__YOUR TASK__
Repeat the data that follows exactly, starting at the line with "สอนวาดร ปป ง" and ending at the line with "Performance Management Vendor", and leave out every picture.

__RECORDS SUPPLIED__
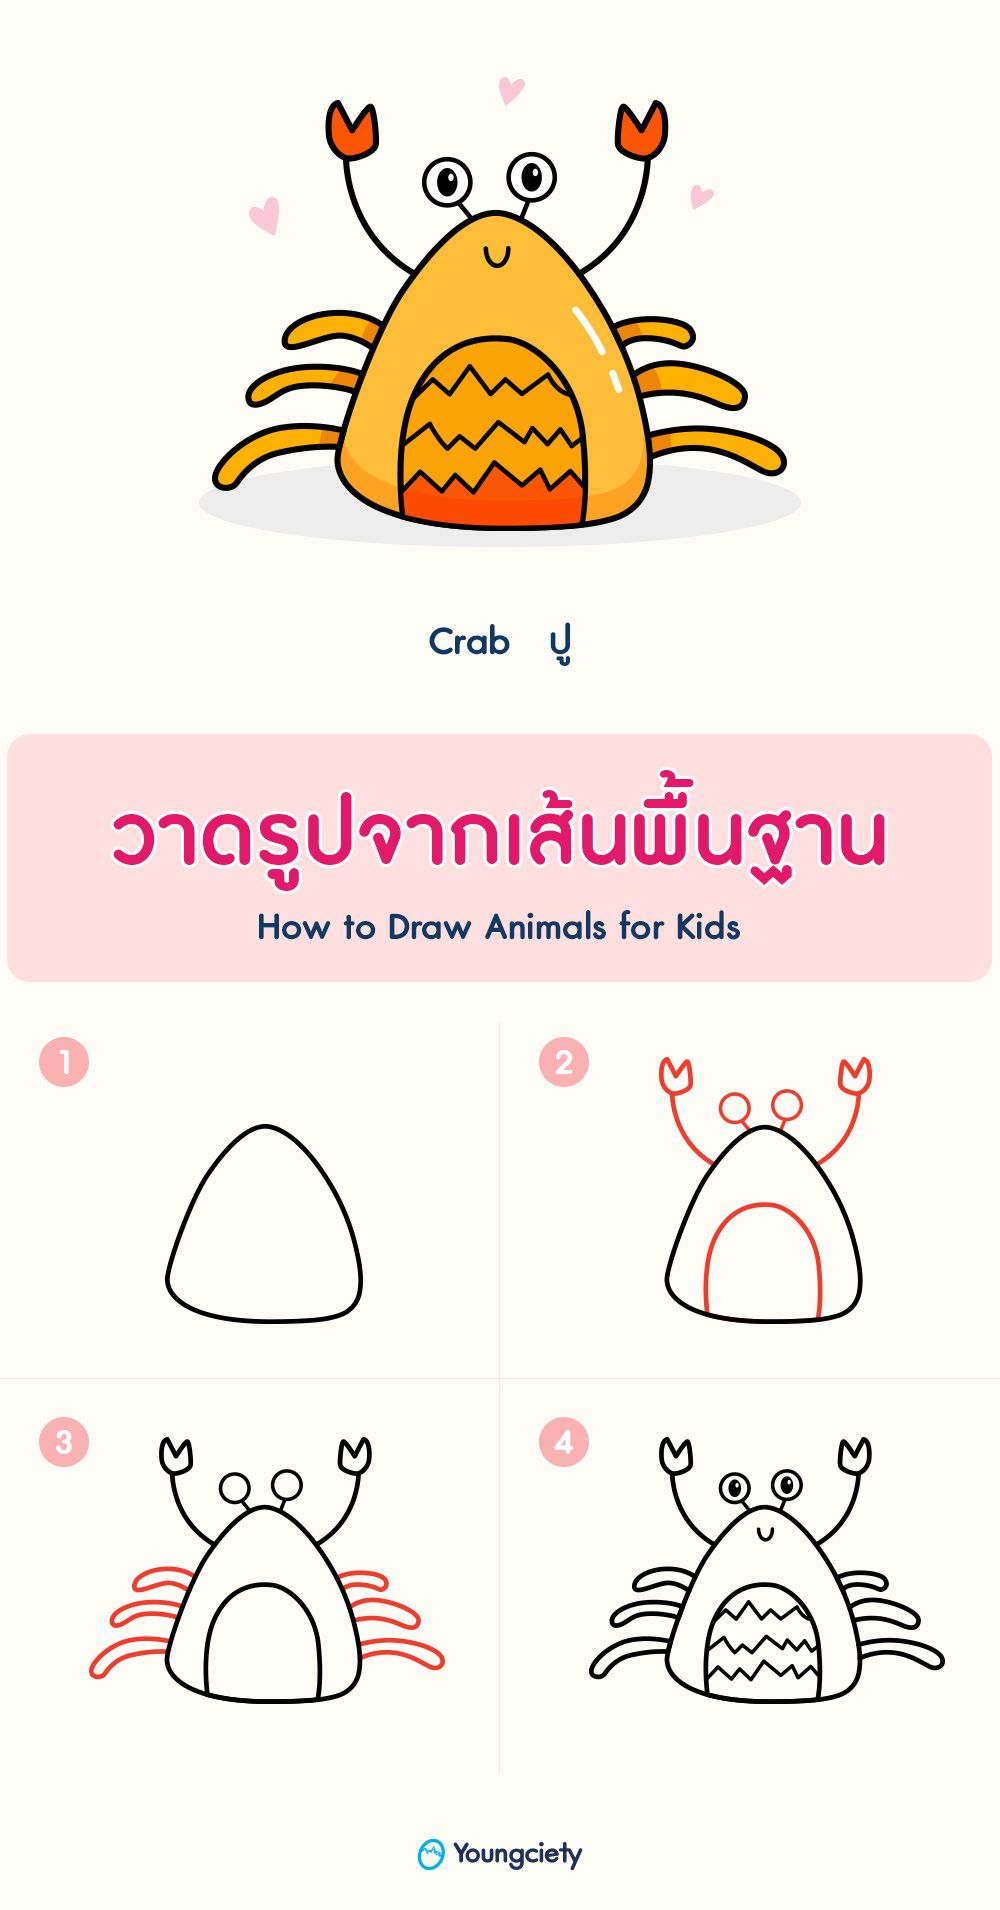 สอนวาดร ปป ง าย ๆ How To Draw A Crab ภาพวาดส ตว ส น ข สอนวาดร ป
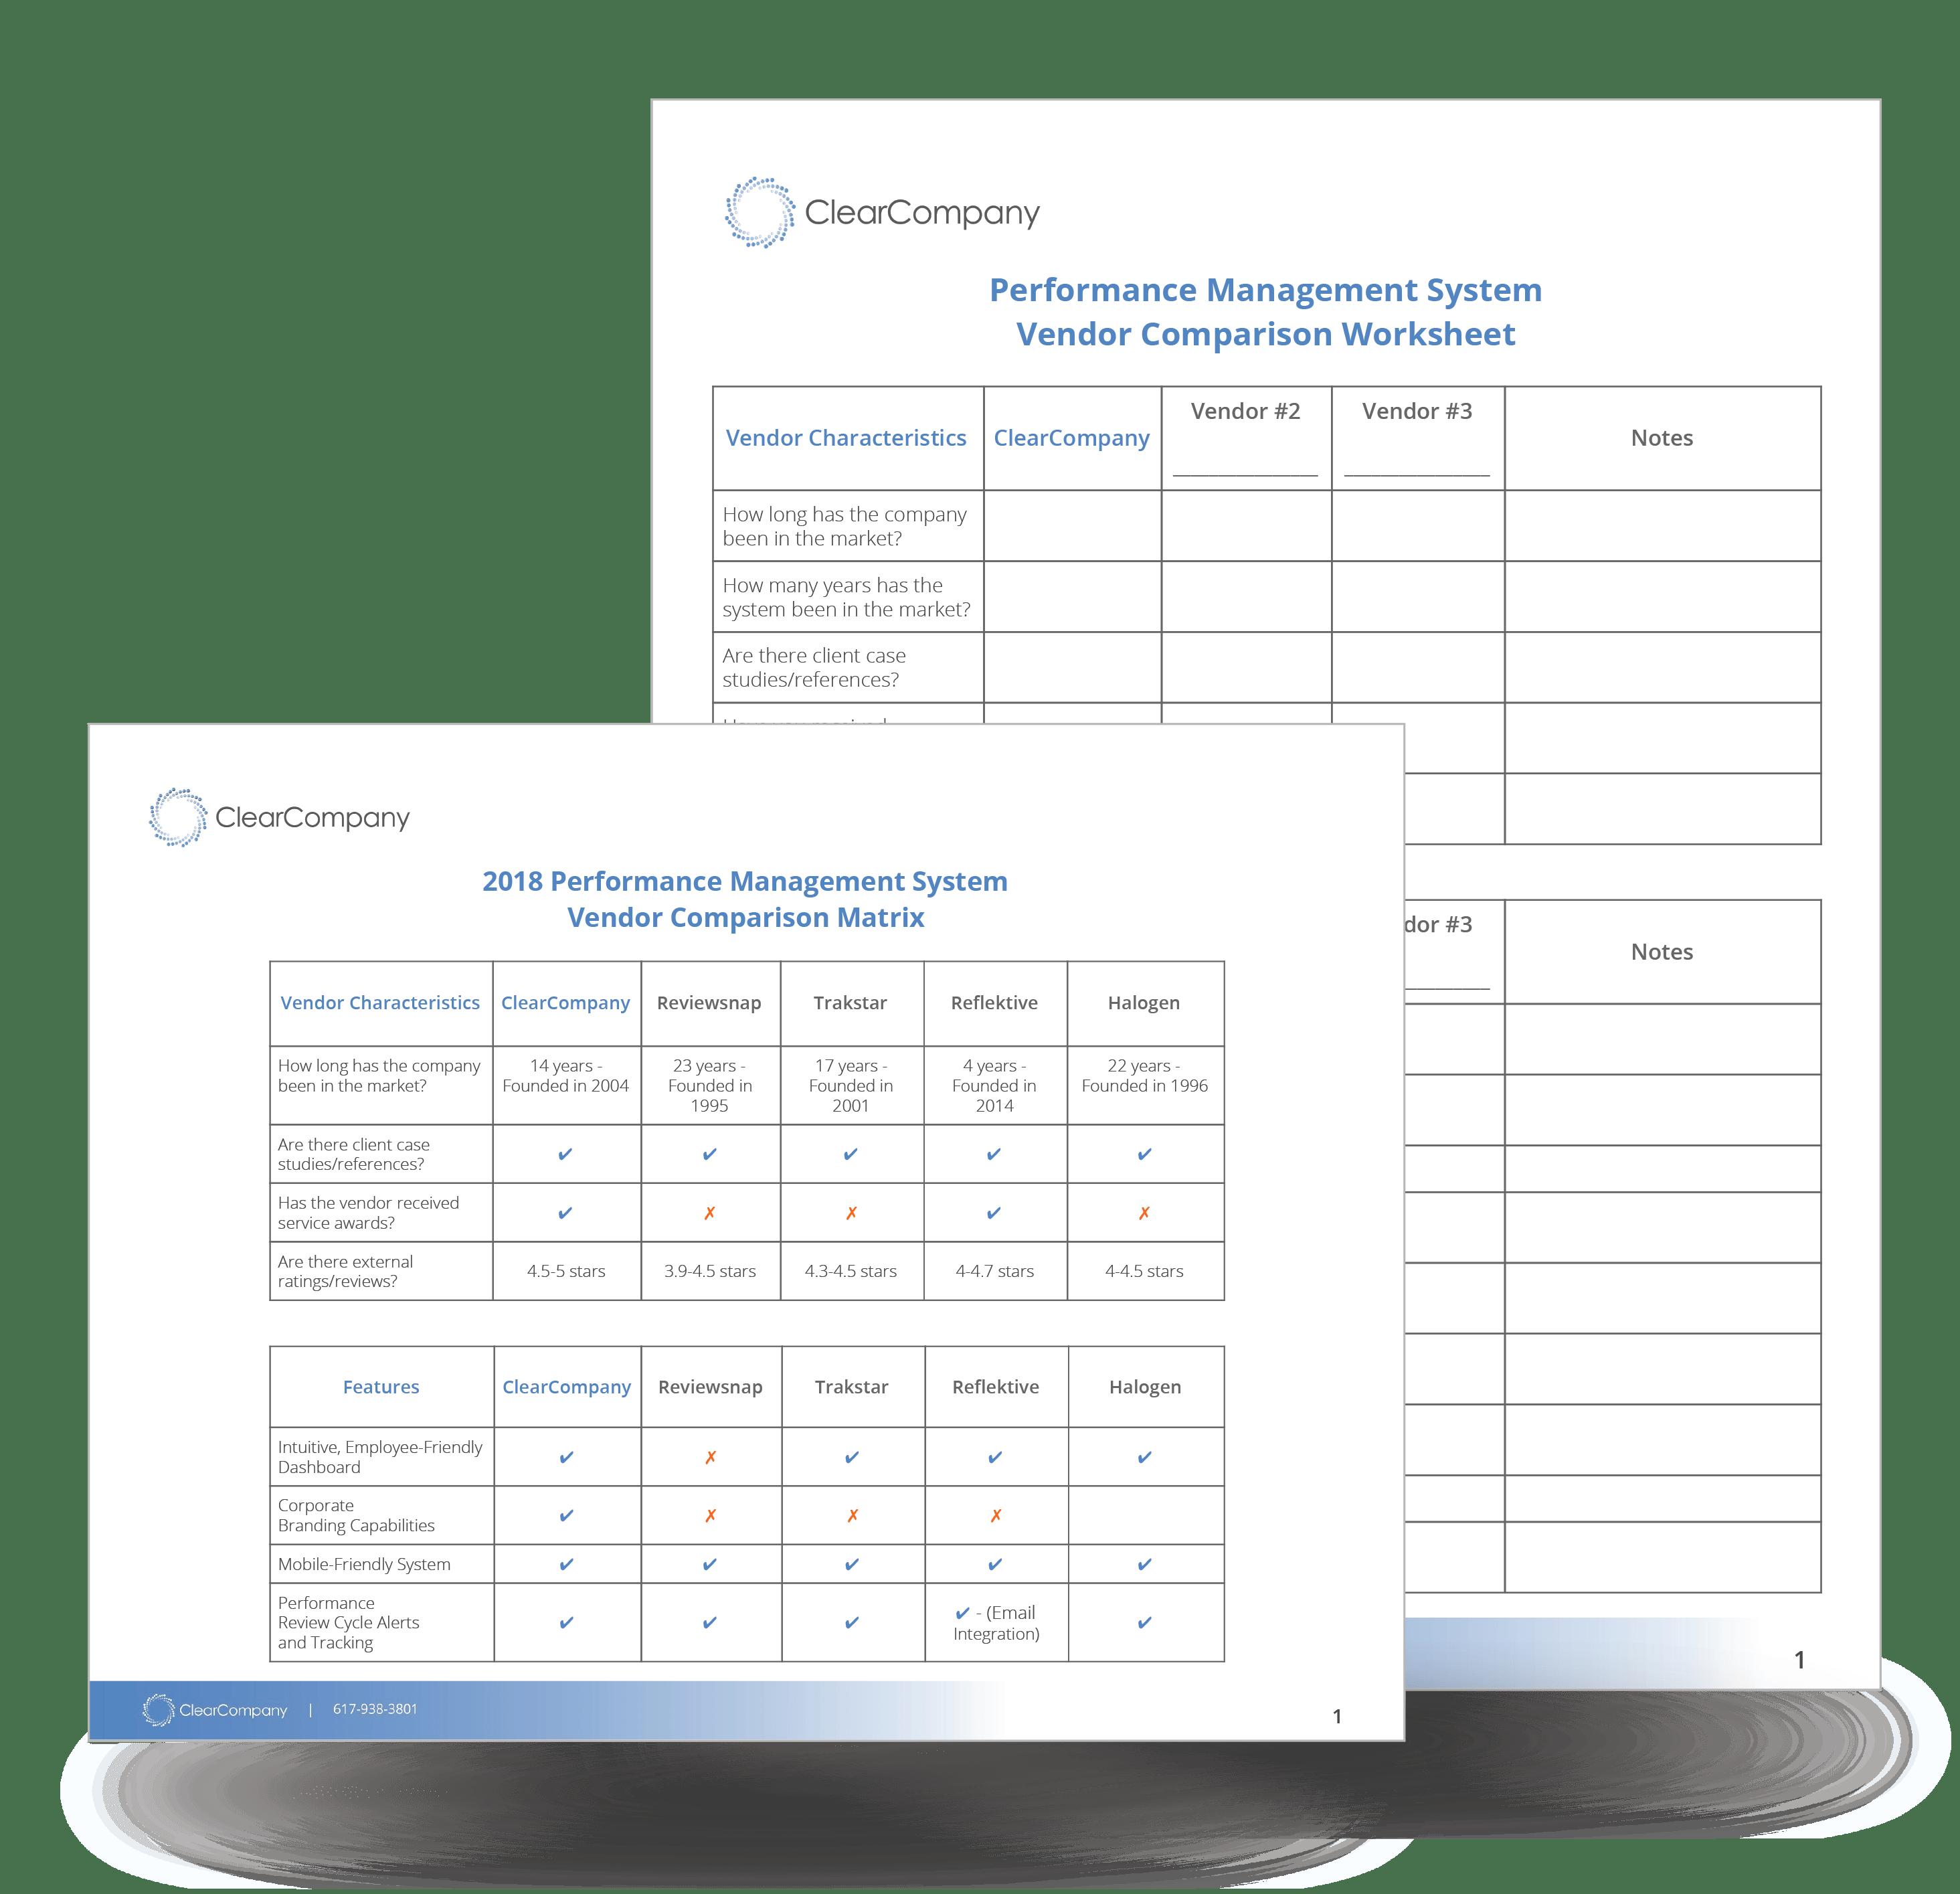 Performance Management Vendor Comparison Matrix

...

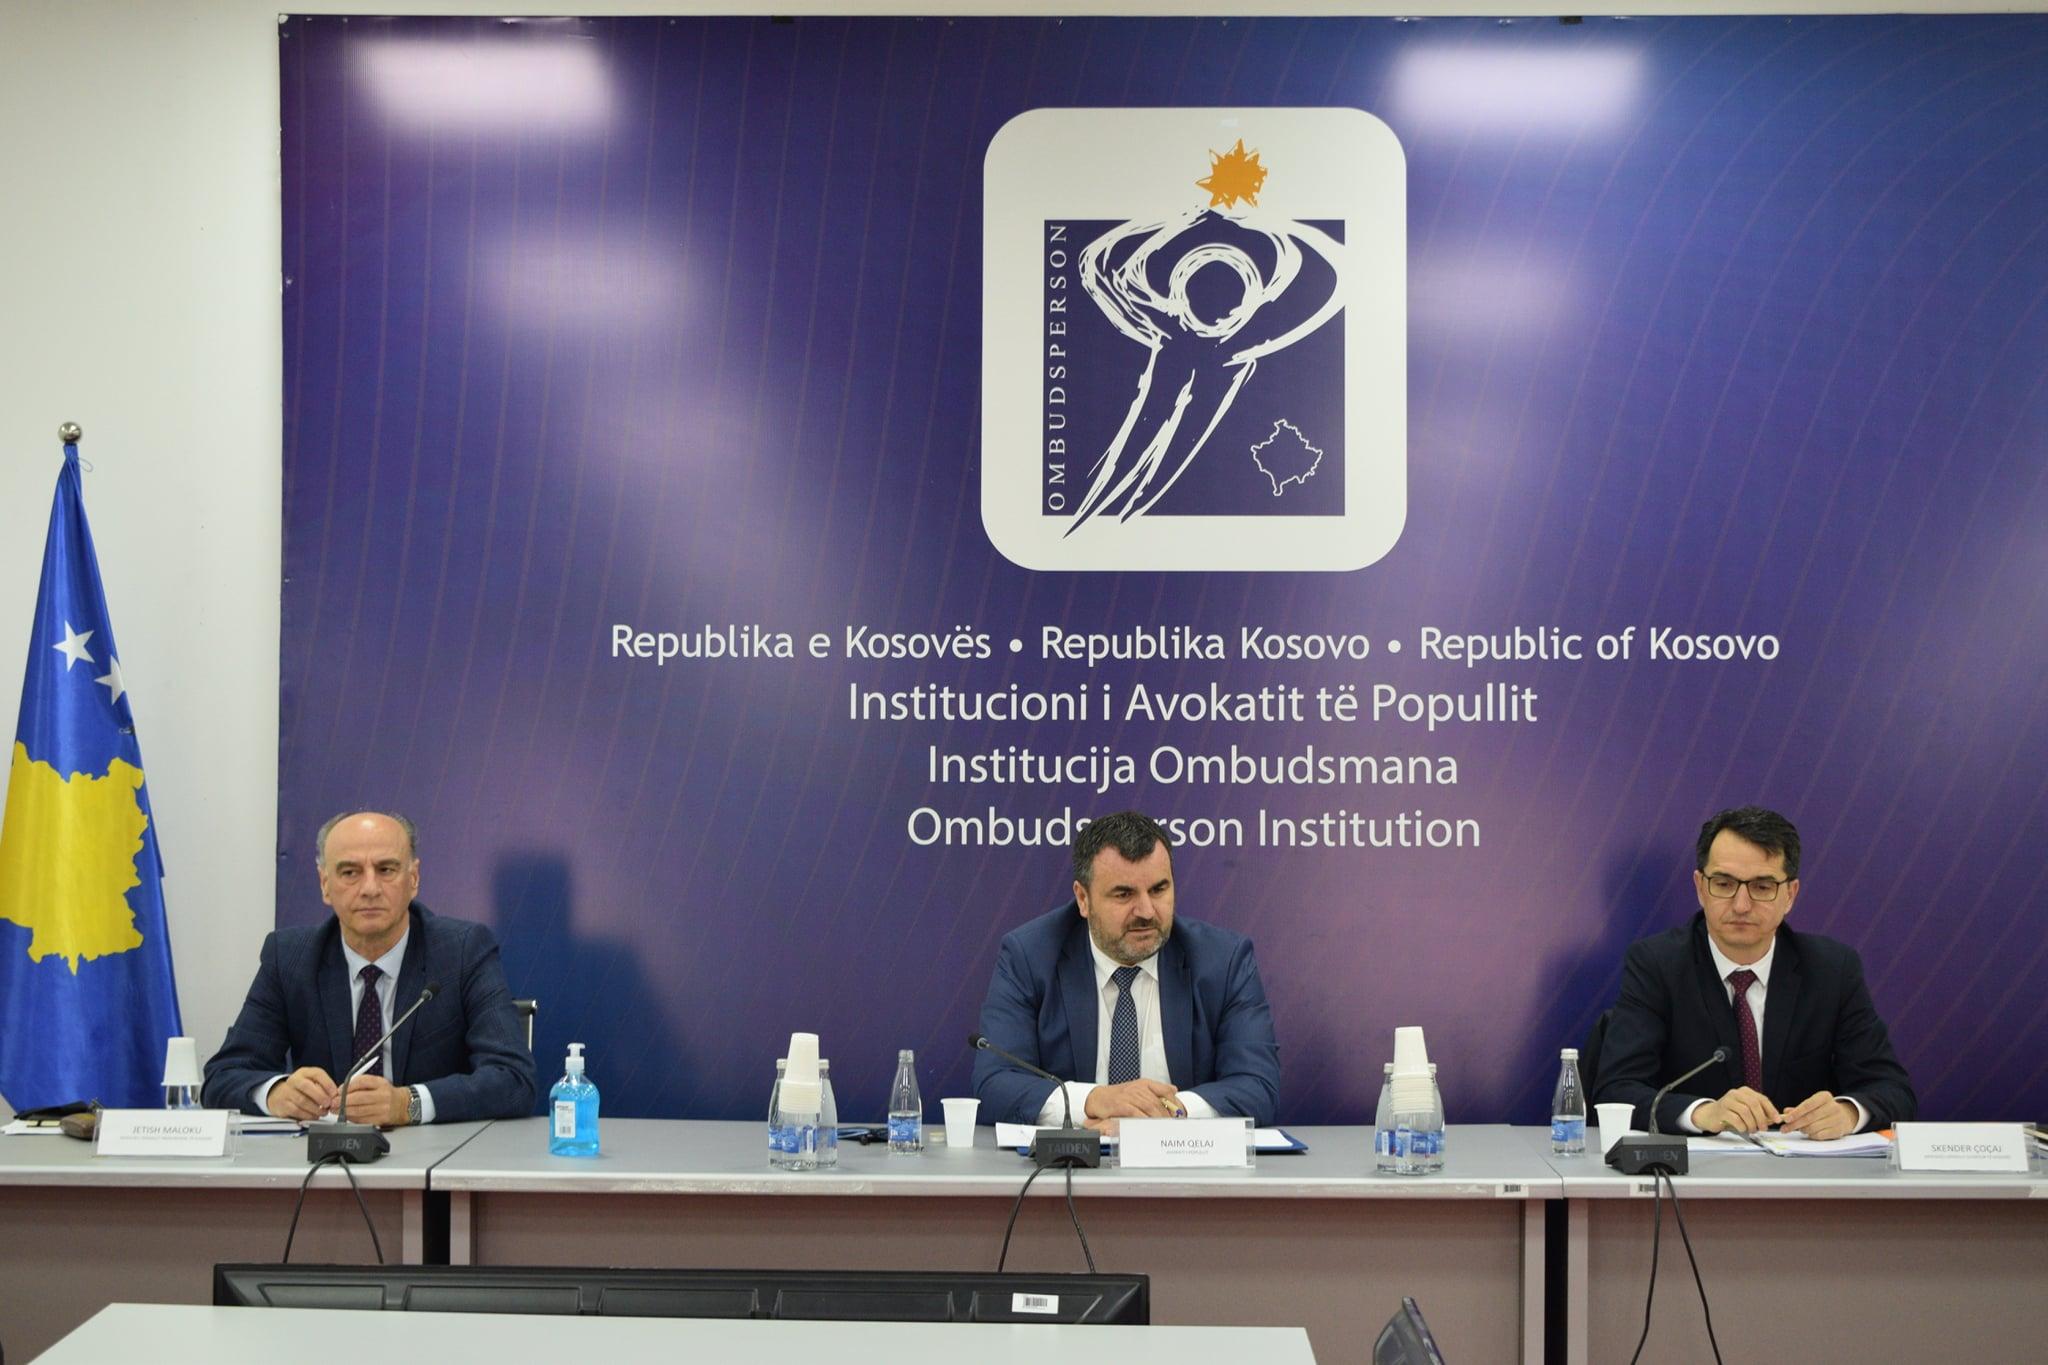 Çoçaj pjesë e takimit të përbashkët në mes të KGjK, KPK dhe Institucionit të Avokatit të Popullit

__EXPECTED ANSWER__
 สอนวาดร ปป ง าย ๆ How To Draw A Crab ภาพวาดส ตว ส น ข สอนวาดร ป
 Performance Management Vendor Comparison Matrix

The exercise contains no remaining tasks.